23. An ink composition according to claim 1 wherein the ink contains an antioxidant in an amount of at least 0.01 percent by weight of the ink and wherein the ink contains an antioxidant in an amount of no more than about 2 percent by weight of the ink.

24. An ink composition according to claim 1 wherein the ink contains a UV absorber in an amount of at least 0.01 percent by weight of the ink and wherein the ink contains a UV absorber in an amount of no more than about 2 percent by weight of the ink.

25. An ink composition according to claim 1 wherein the ink has an acoustic loss value of no higher than about 100 decibels per millimeter.

26. An ink composition according to claim 1 wherein the ink has an acoustic loss value of no higher than about 60 decibels per millimeter and wherein the ink has an acoustic loss value of no lower than about 10 decibels per millimeter.

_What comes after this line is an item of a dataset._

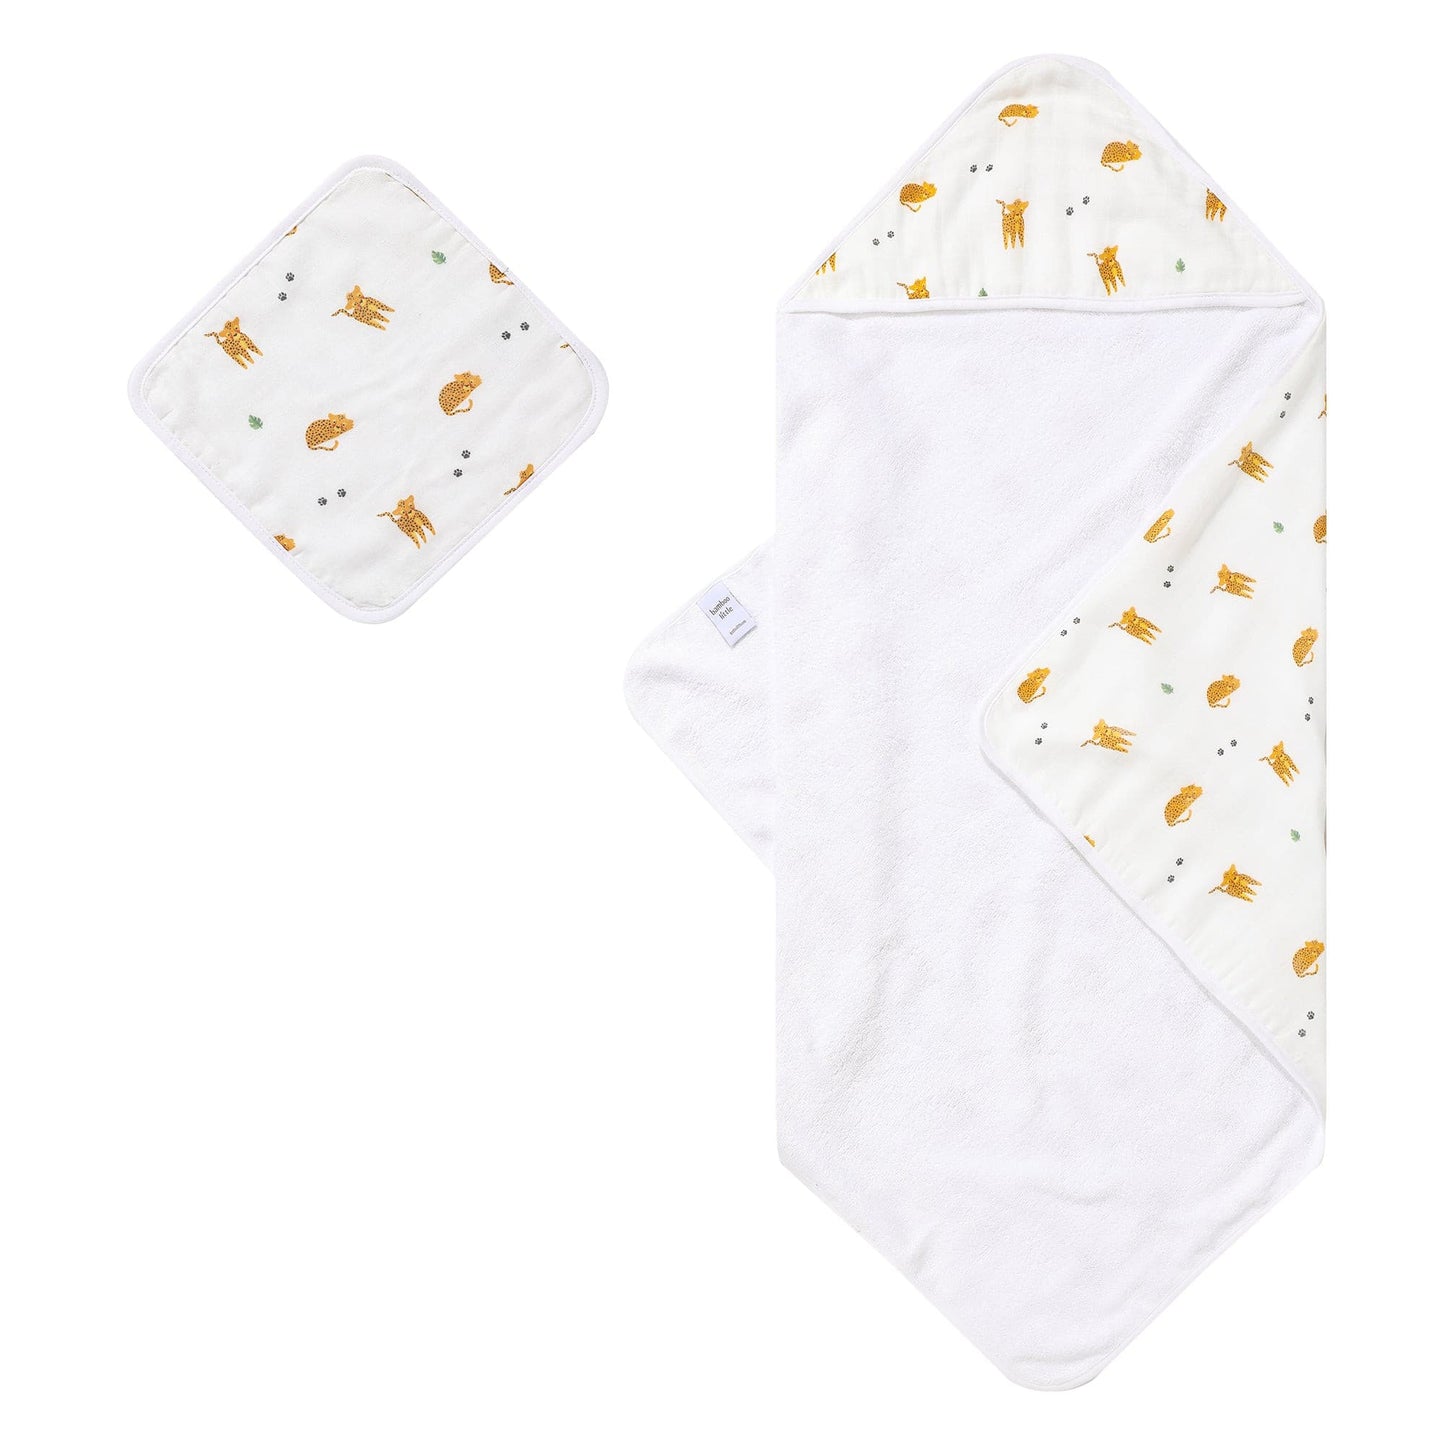 Cheetah Hooded Towel Set

27. An ink composition according to claim 1 wherein the ink generates images having a hardness of no less than about 60.

28. An ink composition according to claim 1 wherein the ink generates images having a hardness of no less than about 60 and wherein the ink generates images having a hardness of no more than about 90.

29. A printing process which comprises (1) incorporating into a hot melt ink jet printing apparatus an ink composition comprising (a) an ink vehicle, (b) a colorant, (c) an anionic surfactant, (d) a cationic surfactant, (e) an optional nonionic surfactant, (f) an optional conductivity enhancing agent, (g) an optional antioxidant, and (h) an optional UV
absorber, said ink composition being solid at 25°C and having a melting point of about 60°C or higher; (2) melting the ink; and (3) causing droplets of the melted ink to be ejected in an imagewise pattern onto a recording sheet.

30. A printing process which comprises (1) incorporating into an acoustic ink jet printing apparatus an ink composition comprising (a) an ink vehicle, (b) a colorant, (c) an anionic surfactant, (d) a cationic surfactant, (e) an optional nonionic surfactant, (f) an optional conductivity enhancing agent, (g) an optional antioxidant, and (h) an optional UV
absorber, said ink composition being solid at 25°C and having a melting point of about 60°C or higher; (2) melting the ink; and (3) causing droplets of the melted ink to be ejected by acoustic beams in an imagewise pattern onto a recording sheet.